Он видит меня насквозь. Должно ли это быть новостью? Не знаю, меня удивляет. Вокруг, не глядя на ветер, становится жарко. Я хмурюсь и поджимаю губы — ничего не могу с собой поделать. Глубокое, темное переживание, о котором прежде мало слышала, в тугой комок сворачивается внизу живота.
— Я знаю тебя, — тихим, нежным шепотом, проследив за моим взглядом, говорит Эдвард. — Поэтому я всегда спрашиваю, прежде чем что-то сделать.
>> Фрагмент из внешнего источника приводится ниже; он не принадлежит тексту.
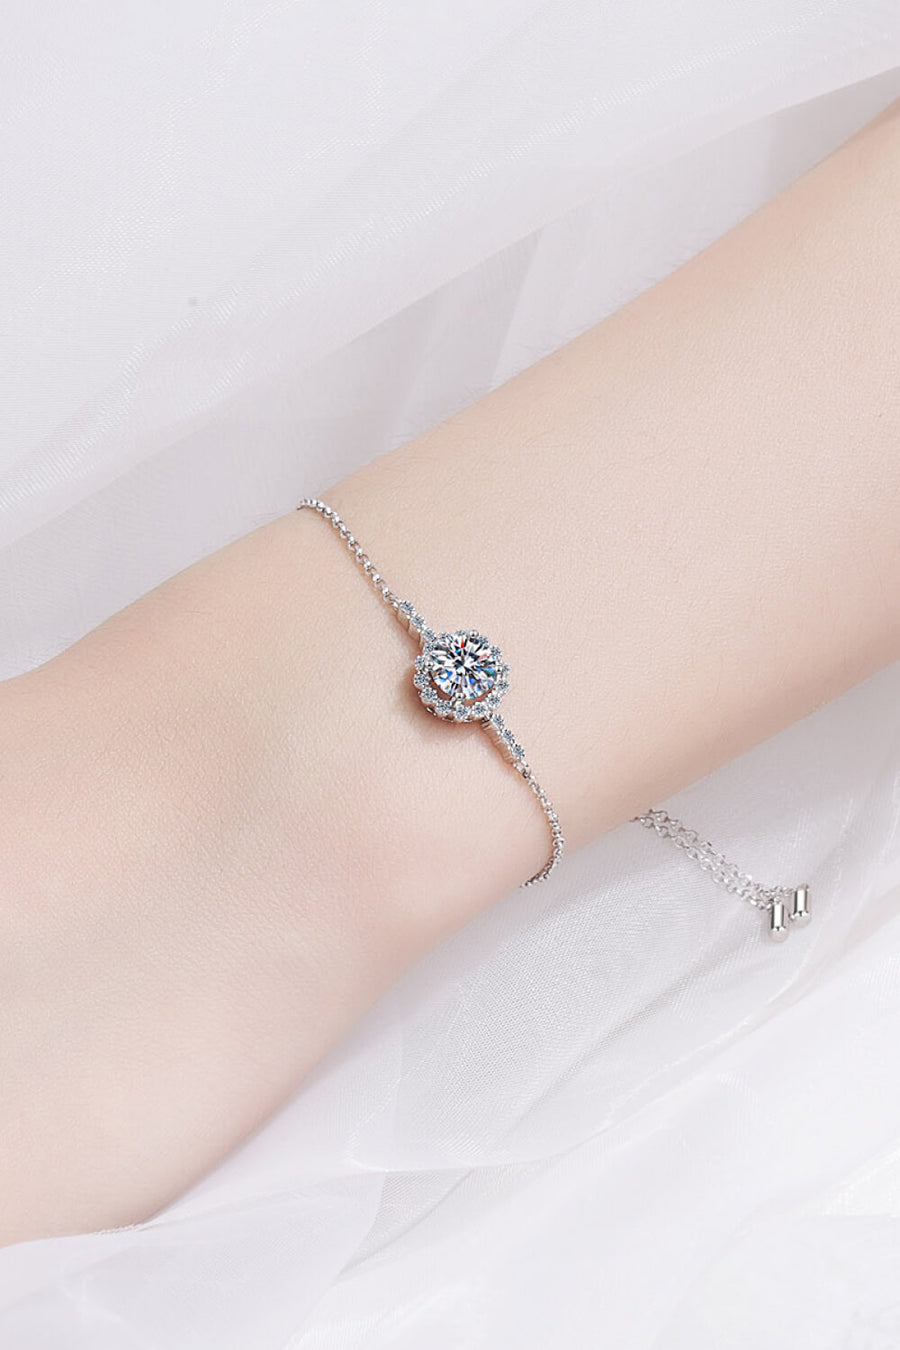 Best Diamond Bracelet Jewelry Gifts for Women | 1 Carat Round Diamond Chain Bracelet | MASON New York

Я уважаю твое личное пространство, твои чувства, красота моя, всю тебя. Я мало знаю о том, что было раньше, что себе позволяли мужчины рядом с тобой. Но мое самое большое желание — чтобы ты отпустила этот контроль, доверилась мне, не думала лишнего. Ты в безопасности.
У меня предательски жгут глаза. То ли то, что говорит Эдвард, откровенная правда — и потому мне так неприятно, то ли — откровенная ложь, очередная иллюзия, и я расстроена, потому что подспудно ее чувствую. Последнее время в его обществе я слишком часто теряюсь. Особенно после внезапных потрясений.
— Машина — это только «цветочки», так? — совладав с голосом, требовательно зову я, — потом будут решения весомее. Я не стану думать лишнего и запросто им подчинюсь. И вопросов задавать не стану, не то, что спорить.
Эдвард смотрит на меня снисходительно, медленно поглаживает мою ладонь в своей большим пальцем. Но в глубине его взгляда вижу неприятное удивление. Попала в точку?
— Ты зачем-то переворачиваешь с ног на голову мое желание дать тебе лучшее, Белла. Я называю это «забота». Ты обвиняешь меня в абьюзе.
Недавно я тоже посчитала это заботой. Там, в кофейне у Александерплатц, старалась найти варианты, оправдания и какие-то пути отхода. Сейчас не слишком в них уверена.
Травы альпийского луга очень громко колышутся на ветру. Я делаю глубокий, самый глубокий из возможных, вдох.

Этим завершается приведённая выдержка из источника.